Artificial Intelligence Can Save Mom-and-Pop Businesses. Here’s How.

save mom and pop businesses

By Susan Gonzales and Zachary Solomon

Small businesses are suffering. More than a quarter of small businesses in the United States remain closed. In New York City, an estimated one-third of small businesses may never reopen their doors. And in Los Angeles, 7,500 small businesses closed down last year — the largest number of closures in any U.S. metropolitan area.

For Black and Latinx-owned small businesses, the economic fallout from the Covid-19 pandemic has been particularly brutal. A survey organized by Small Business Majority in January 2021 found that almost one in five Black- and Hispanic-owned small businesses are expected to permanently close their businesses. Indeed, the impact of Covid-19 is more than two times larger for Black- and Hispanic-owned businesses than for White-owned businesses.

Covid-19 has presented unique challenges to mom-and-pop businesses and part of the problem is the vast disparity in Internet access. Only 66 percent of Black households and 61 percent of Latinx households have broadband Internet access. What this means is that a staggering percentage of Black and Latinx Americans rely on their smartphones as their sole means of Internet access. A 2019 report from the Pew Research Center found that 23 percent of Black adults and 25 percent of Latinx adults are smartphone-only users, compared to only 12 percent of whites. Despite this, we see little outreach aimed at teaching communities of color how to use these devices to save their small businesses.

Running a mom-and-pop business from a smartphone is not uncommon. Whether we like it or not, smartphones are the multitools of contemporary existence. Black and Latinx small business owners who lack the resources to secure robust Internet access use smartphones for everything — at least they try.

Our smartphones serve as holders of a massive amount of information built on the backbone of artificial intelligence (AI). Indeed, we are well past the time of AI as science fiction. AI is now at our fingertips — literally. But for so many small business owners, AI remains an inaccessible mystery. This is a tragedy, as these mom-and-pop businesses may find exactly what they need to rebuild after the Covid-19 storm if they are able to leverage the AI tools available on their mobile devices.

AI can help a business owner access and manage small business loans, plan recovery, generate online orders, set up delivery services, organize email campaigns, market services and products, organize accounting systems, and recruit, hire, and manage staff. Many of these tools can be accessed for free. Companies like MailChimp, x.ai, ManyChat, and Zoho offer free plans that include many of the AI features best suited for small businesses.

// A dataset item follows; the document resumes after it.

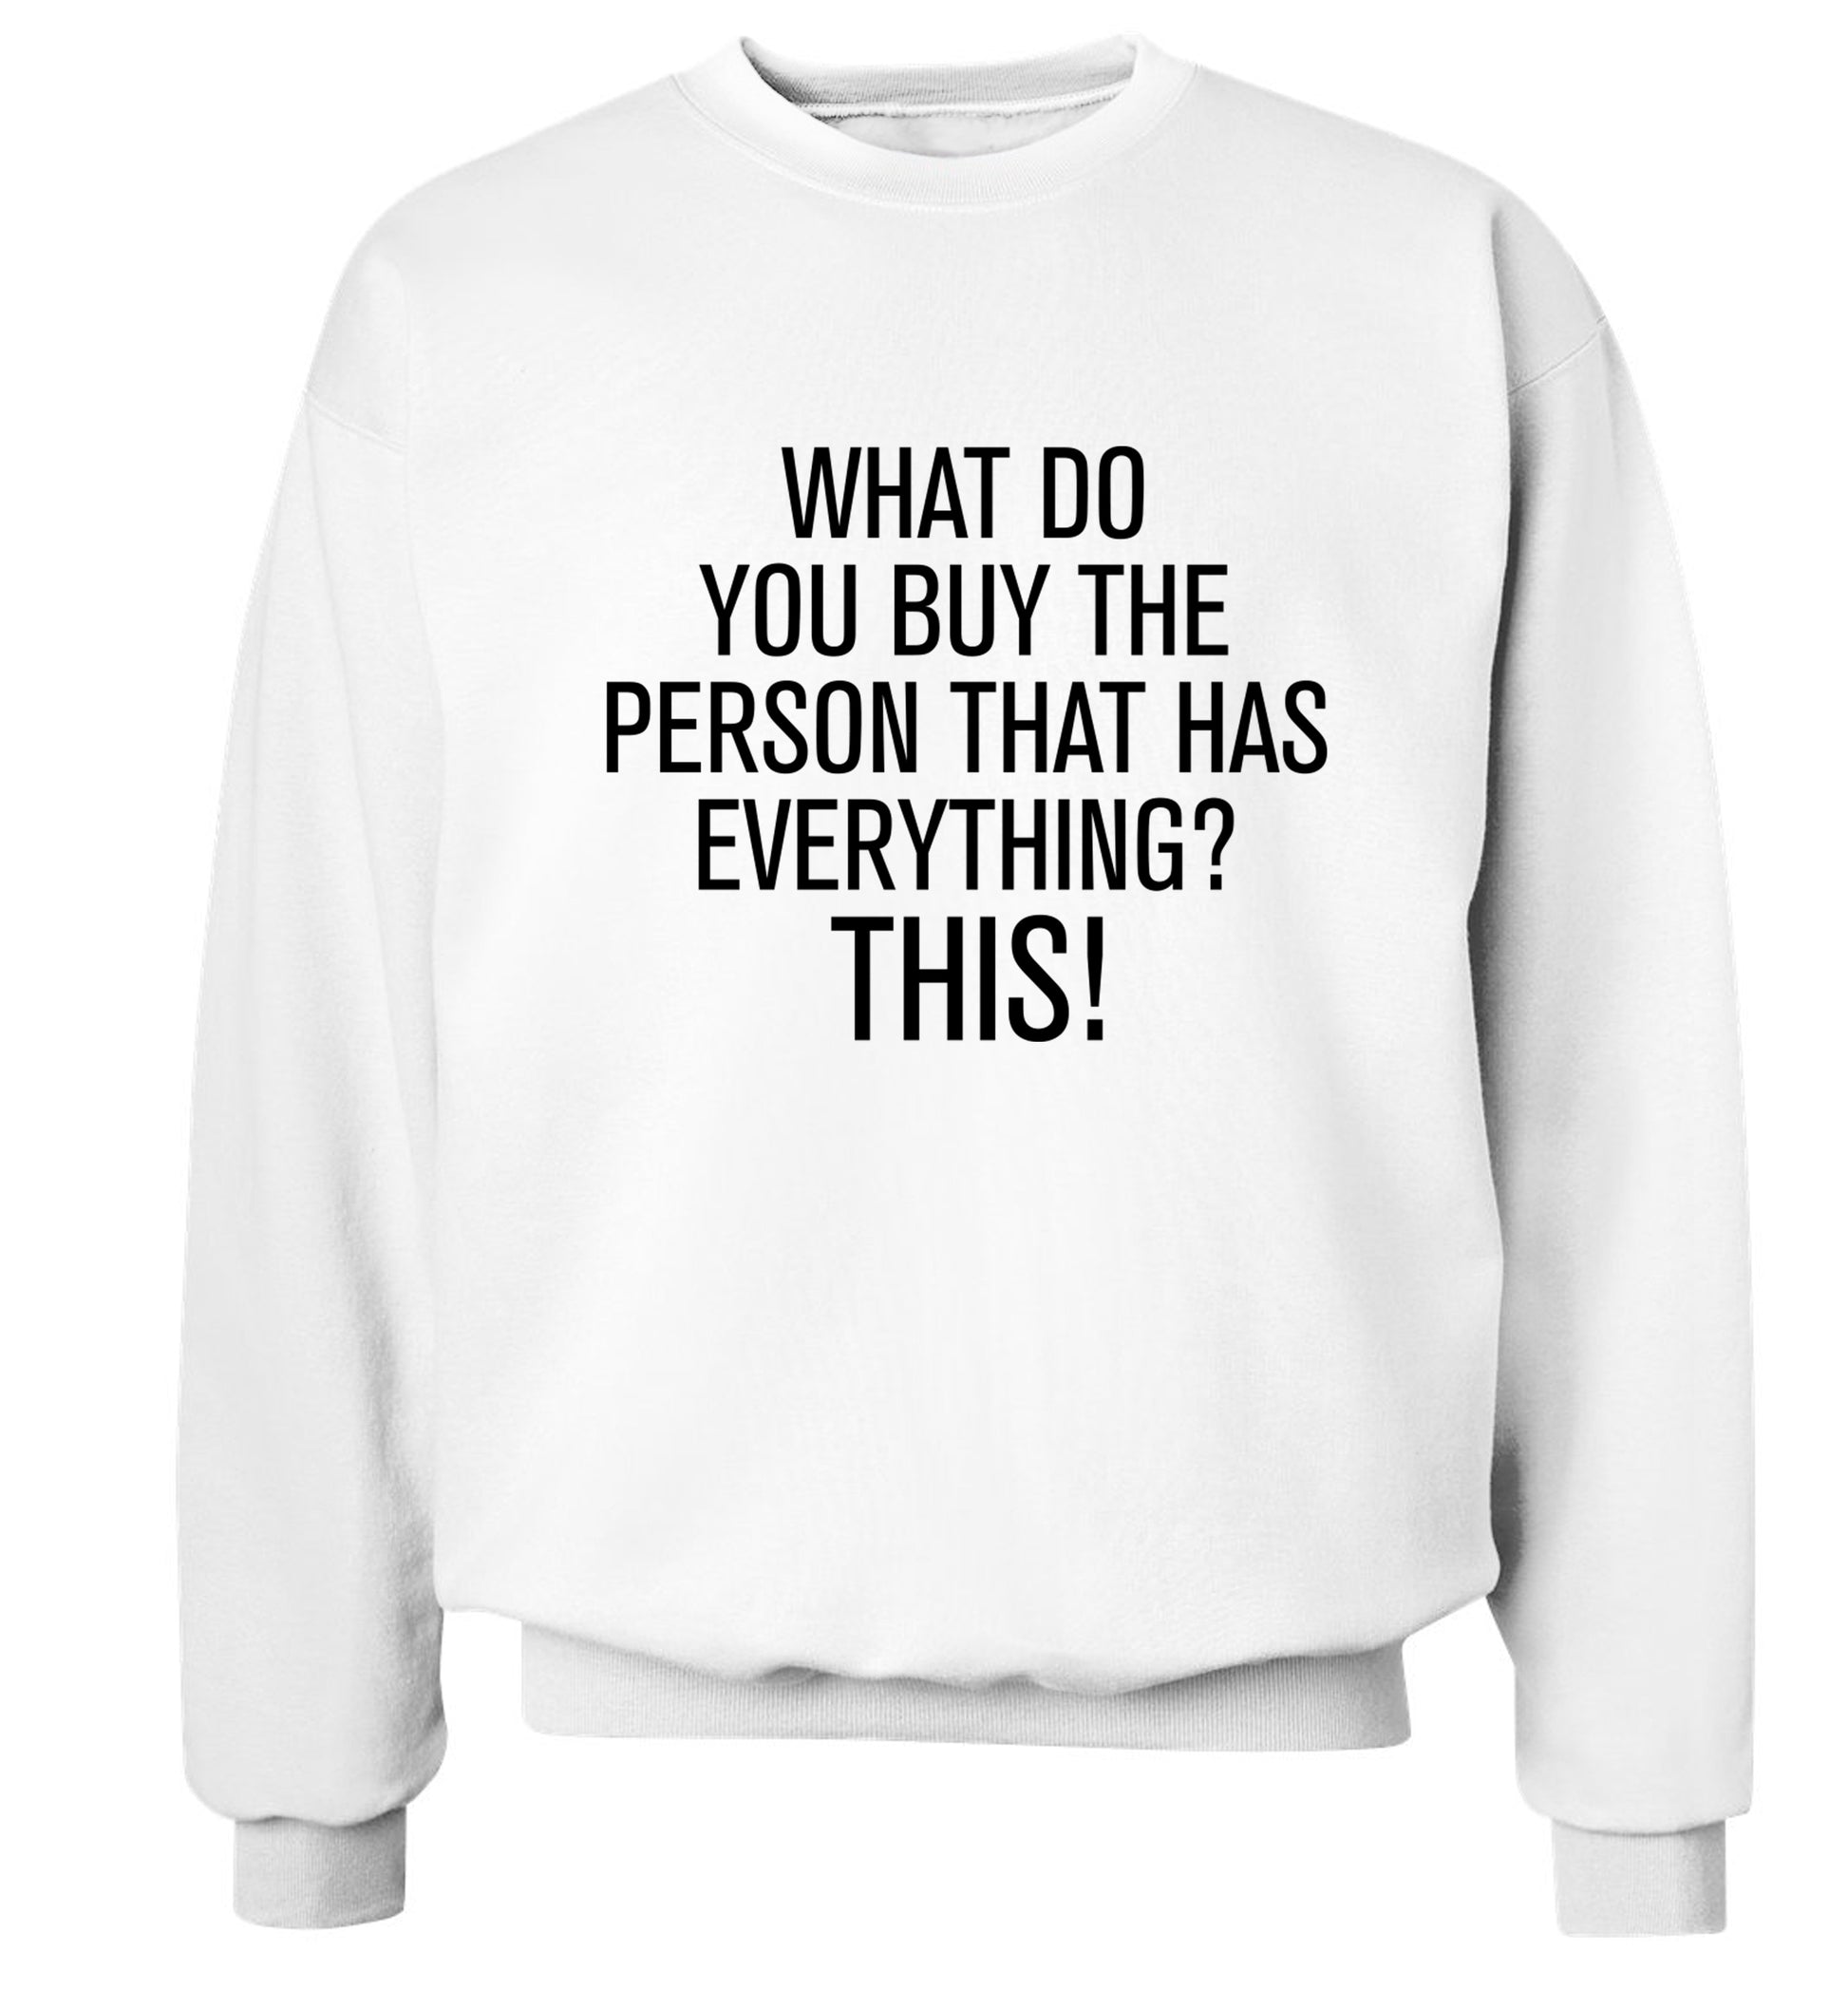 What do you buy the person that has everything? This! Adult's unisex white Sweater 2XL

The learning curve is challenging but not impossible to surmount. Lower-income communities of color are often the last to receive information about new technologies and therefore are often deleteriously affected by them. Spreading information about artificial intelligence is essential to ensuring the survival of Black and Latinx-owned small businesses. AI has the potential to change the trajectory of America’s many failing small businesses. We can stop the freefall through education and outreach.

Today, philanthropic dollars are flowing into our communities to connect Black and Latinx small business owners with education, access, and aid. This is all good and necessary. But let’s not overlook the obvious. Now is the time to prioritize artificial intelligence not just as the hobby of the elite, but as a democratizing tool, one to be used to create greater social equity and economic growth in communities of color.